Login

dogen · 11-19-2016, 06:56 PM

(11-19-2016, 06:49 PM)refraction Wrote: If we can do that for all of it, it would be brilliant to cut down to just 1 plugin. Won't all them if statements kill the speed though?

Won't you just check once at the beginning?

**gregory** · (This post was last modified: 11-19-2016, 06:59 PM by gregory.)

(11-19-2016, 06:49 PM)refraction Wrote: If we can do that for all of it, it would be brilliant to cut down to just 1 plugin. Won't all them if statements kill the speed though?

I only changed the JIT recompiler of the SW renderer (so generated code is better). All standard C path still use ifdef. Current cost is 0, however it doesn't impact the full code (such as the texture conversion horror).

The real question is what are the speed difference between all those plugins

A quick grep show various SSE41 but few use of SSSE3/AVX. If the latters aren't not in the critical loop, perf change will be small.

Note: AVX2 is still separated as it is really different of SSE/AVX.

**gregory** · 11-19-2016, 07:18 PM

(11-19-2016, 06:56 PM)dogen Wrote: Won't you just check once at the beginning?

No.

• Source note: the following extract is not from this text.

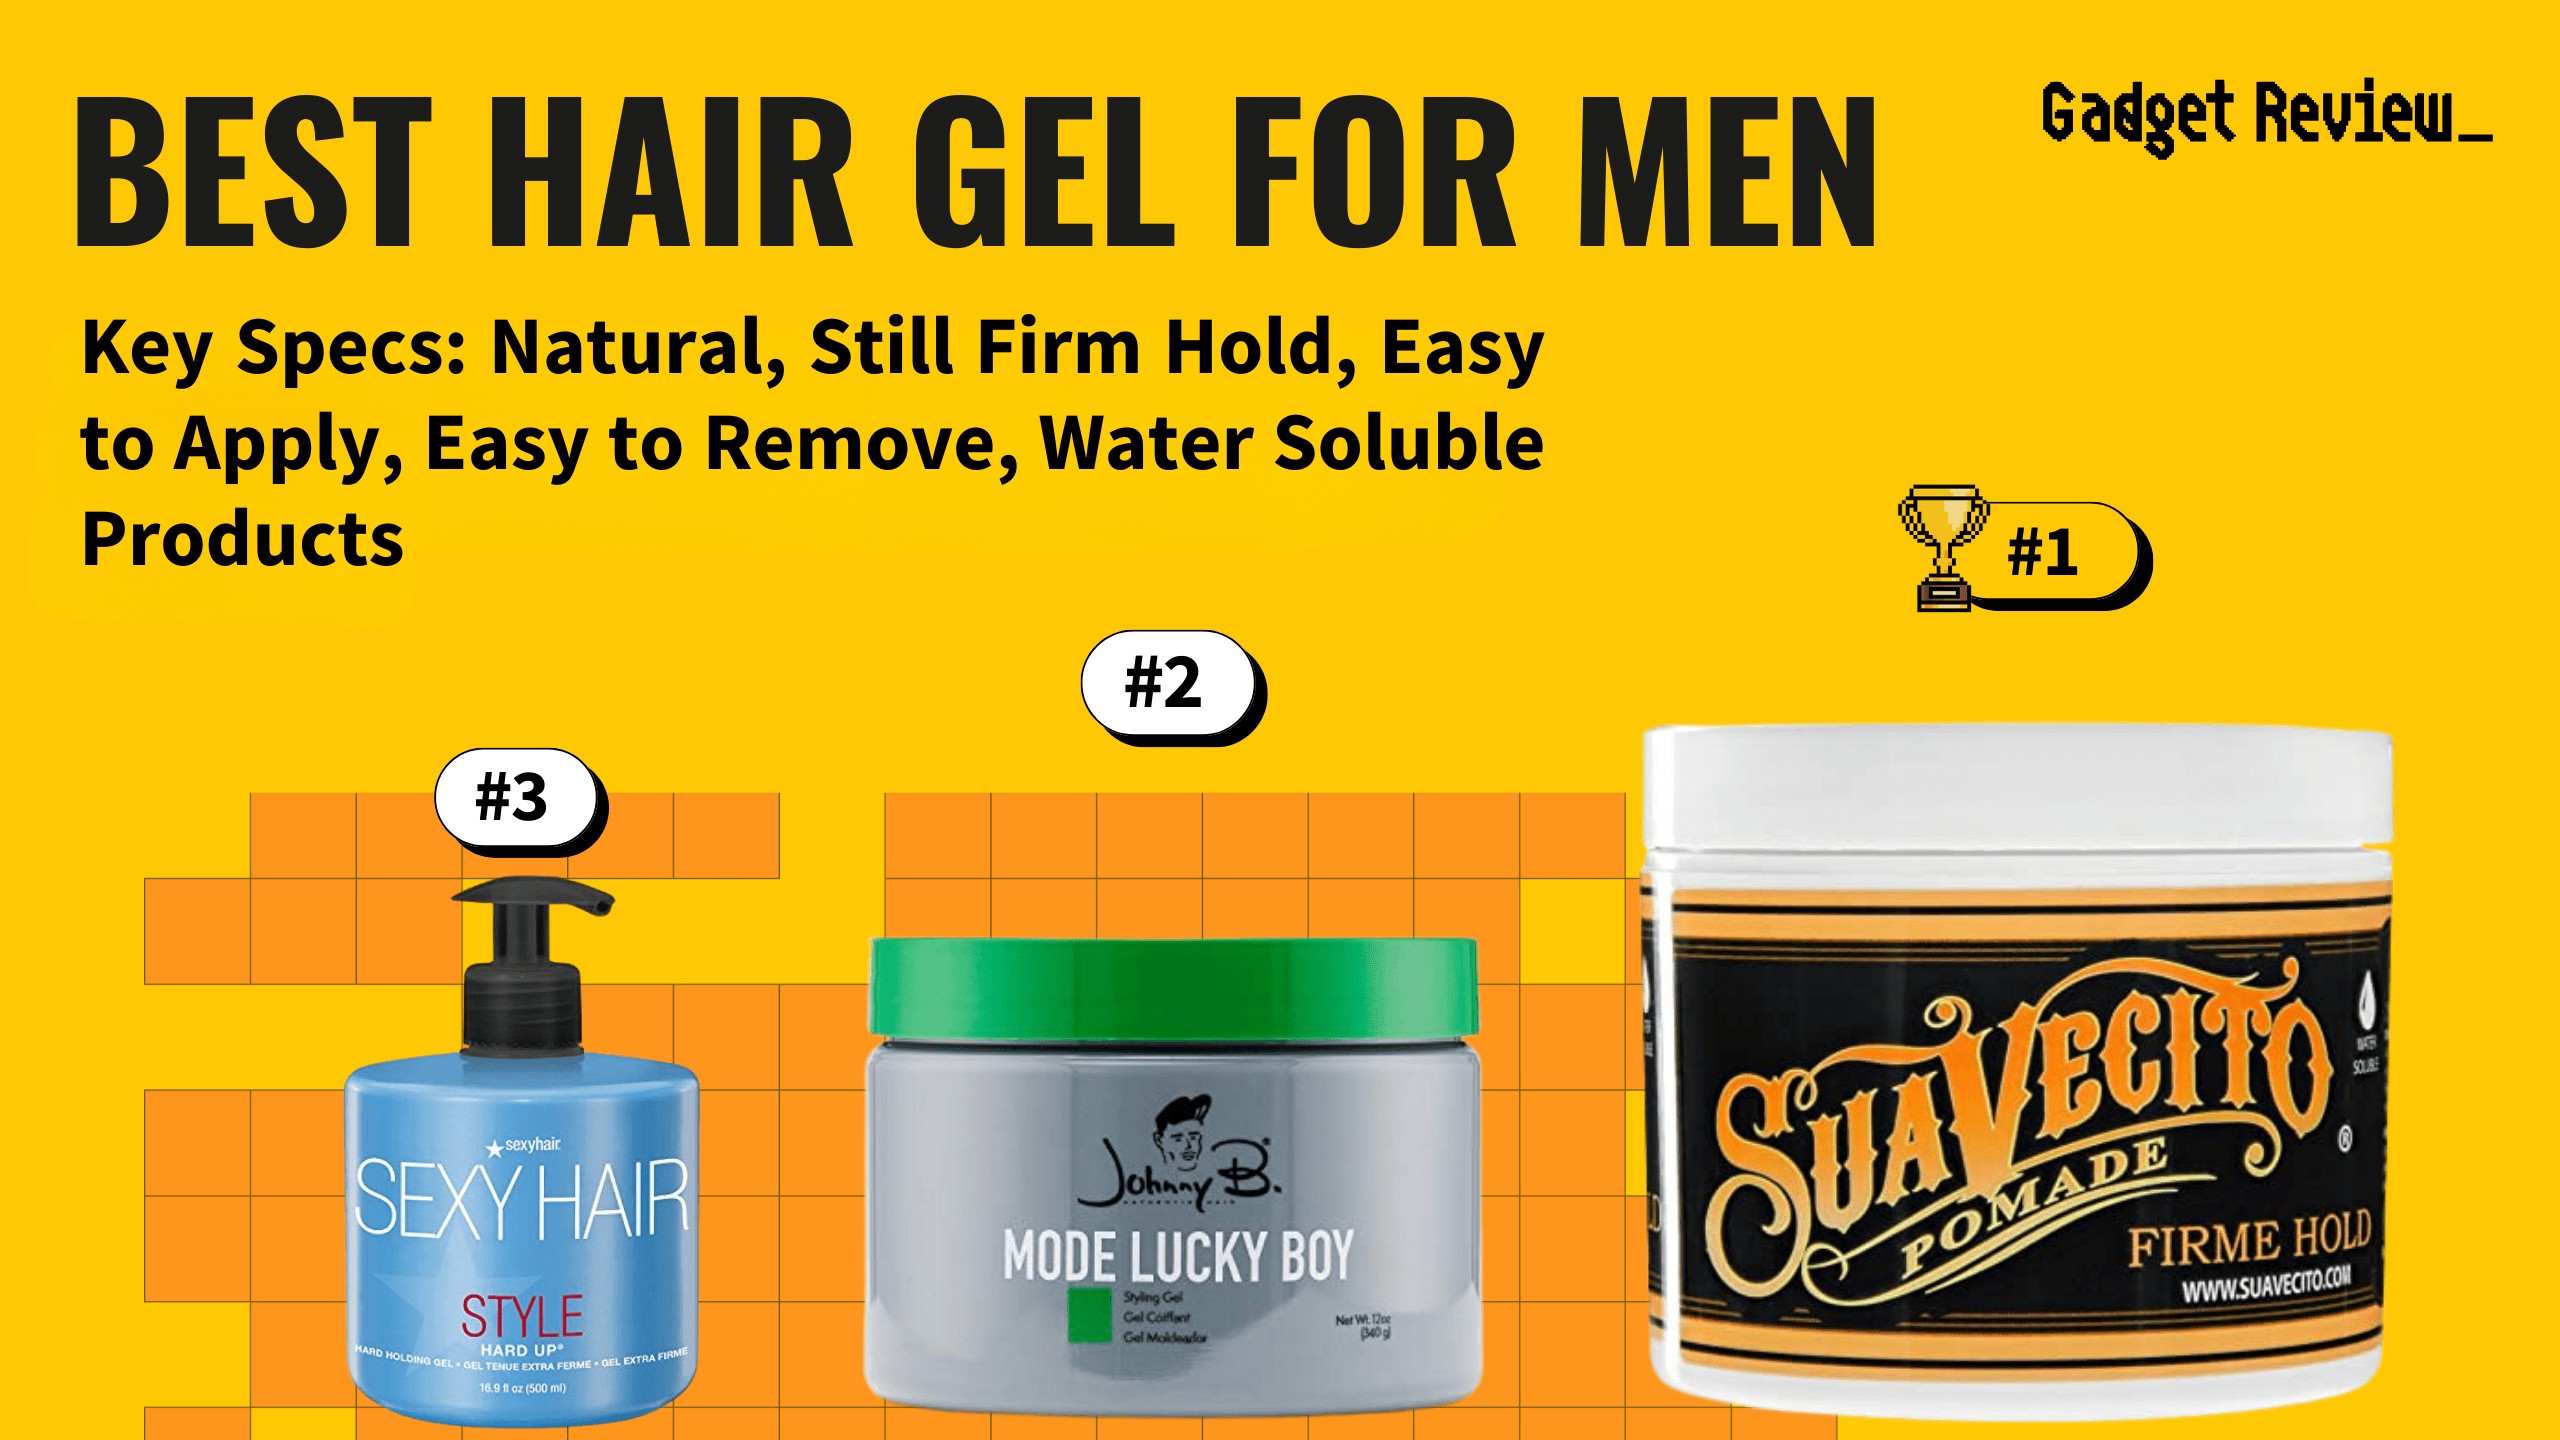 best hair gel for men featured image that shows the top three best bathroom essential models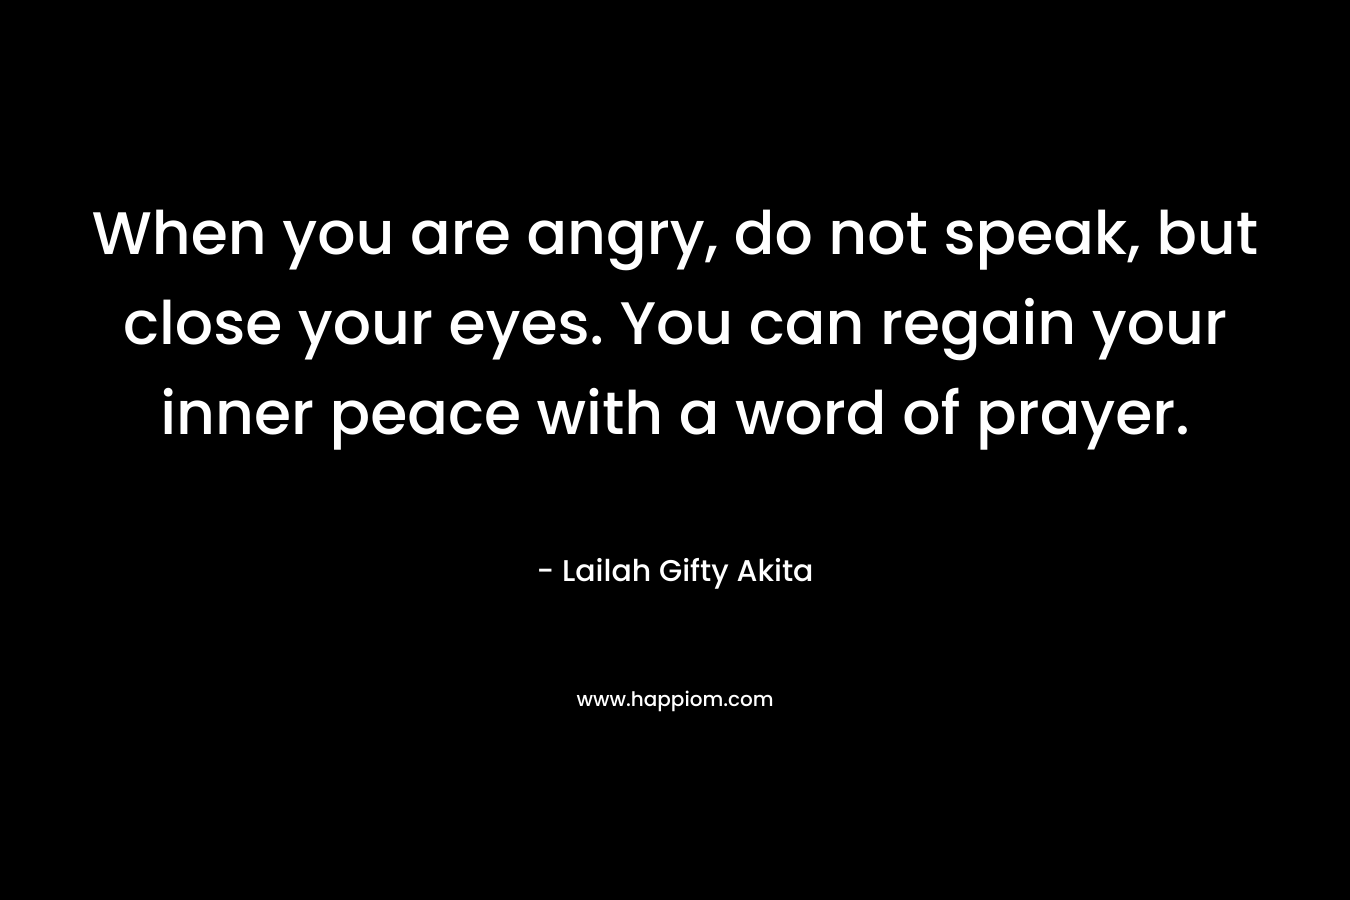 When you are angry, do not speak, but close your eyes. You can regain your inner peace with a word of prayer. – Lailah Gifty Akita

Well it depends, it is complicated. Some stuff can be checked at the beginning. Some stuff are more dynamic.

Steam Stat:
SSE2: 100%
SSSE3: 92.30%
SSE4.1: 87.20%
AVX1:72.56%

A SSE3 build is only useful for 5% of users (92.30-87.20). Is the speed difference between SSSE3/SSE2 really worth the extra build.

Hum, actually AVX is completely useless now. Speed will be the same as SSE4.1. So at least we can remove a build.

Note: PR was merged in master.

Ōkami Amaterasu · 11-20-2016, 08:31 PM

Is it considered cheating if I read the github thread beforehand

**Blyss Sarania** · (This post was last modified: 11-20-2016, 10:40 PM by Blyss Sarania.)

(11-19-2016, 05:55 PM)gregory Wrote: It would be nice to do some benchmark of SSE2 vs SSSE3 vs SSE4 vs AVX GSdx build on both HW/SW renderer.
SSSE3 seems rather worthless, and likely AVX too.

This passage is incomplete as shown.